Don’t worry…there is hope!
The same brain that built those well-worn trenches can build new ones.
Neuroplasticity works in both directions; new pathways can be created and strengthened in your brain even in adulthood. Of course the more established a pattern is the longer it may take to forge a new connection, but it's possible and create an alternative route; like cutting a trail through dense forest, it takes effort and intention. The ground is uneven at first, you may trip, want to turn back or find yourself drifting to the old ways without noticing. Thats ok these new connections take time and repetition. Each time you choose a different response; noticing a thought without following it, sitting with uncertainty instead of rushing to solve it, responding to yourself with curiosity rather than alarm - you are clearing a little more space for something new.

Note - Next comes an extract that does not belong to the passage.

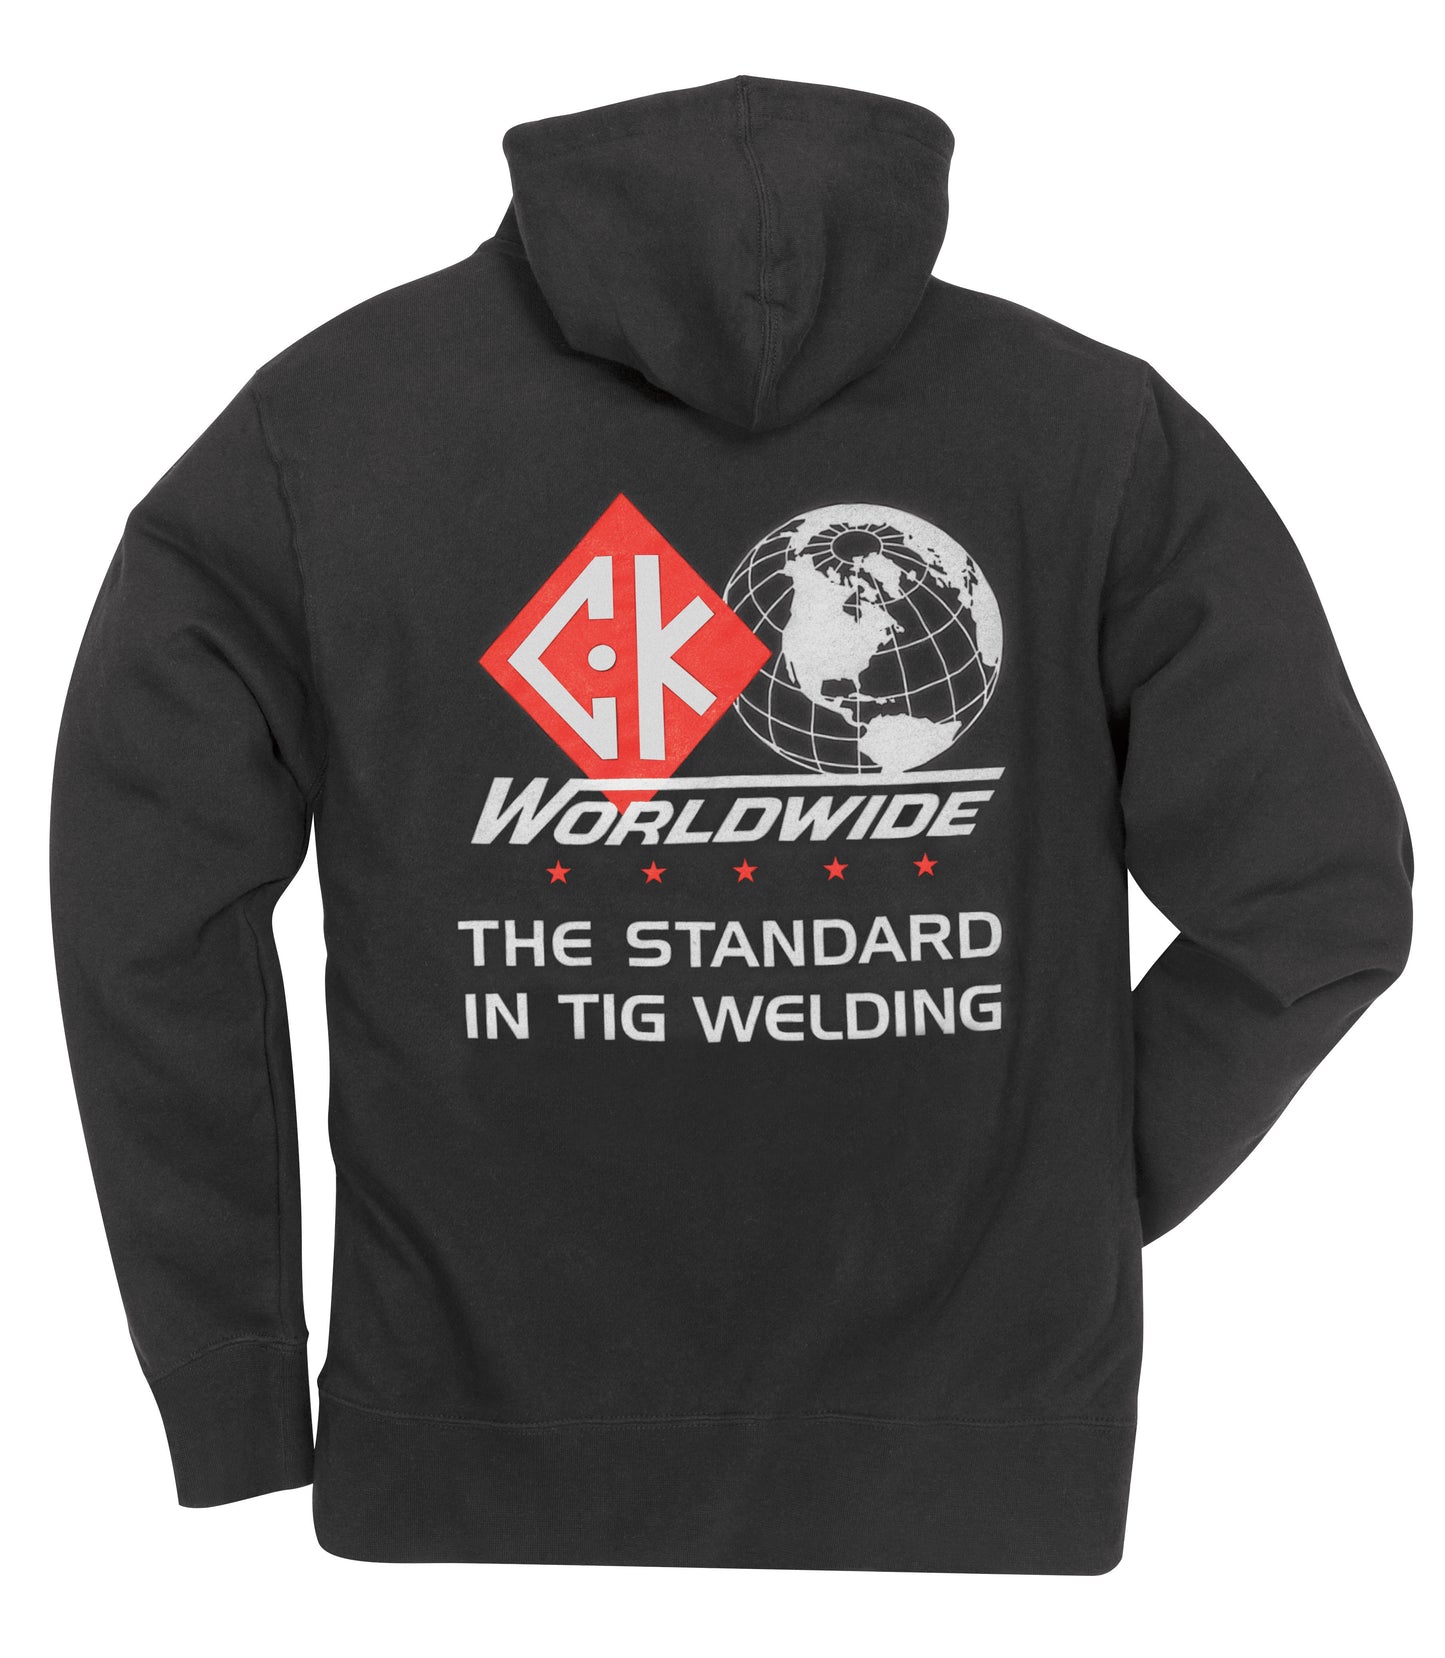 CK Worldwide Sweatshirt

What Counselling Actually Does
Change of this kind, although not impossible, rarely happens in isolation. The nervous system needs to feel safe before it's willing to try something new and counselling can create the right conditions for that: understanding where your patterns came from and sit with what feels uncomfortable.
Your mind is following the roads it learned to trust. Those roads made sense once. With awareness and practice, new pathways can be built; not by force, but by walking them often enough that they start to feel like home. It happens slowly, quietly, in the small moments you choose something different. Rome wasn't built overnight, and neither is a brain. But both are proof that what once felt impossible can become reality.
Sources & Further Reading
Hanson, R. (2013). Hardwiring Happiness. Harmony Books.
Doidge, N. (2007). The Brain That Changes Itself. Penguin Books.
Siegel, D. J. (2010). Mindsight. Bantam Books.
Leaf, L (2017). Switch on your Brain. Baker Publishing Group
Nolen-Hoeksema, S. (2000). The role of rumination in depressive disorders. Journal of Abnormal Psychology, 109(3), 504–511.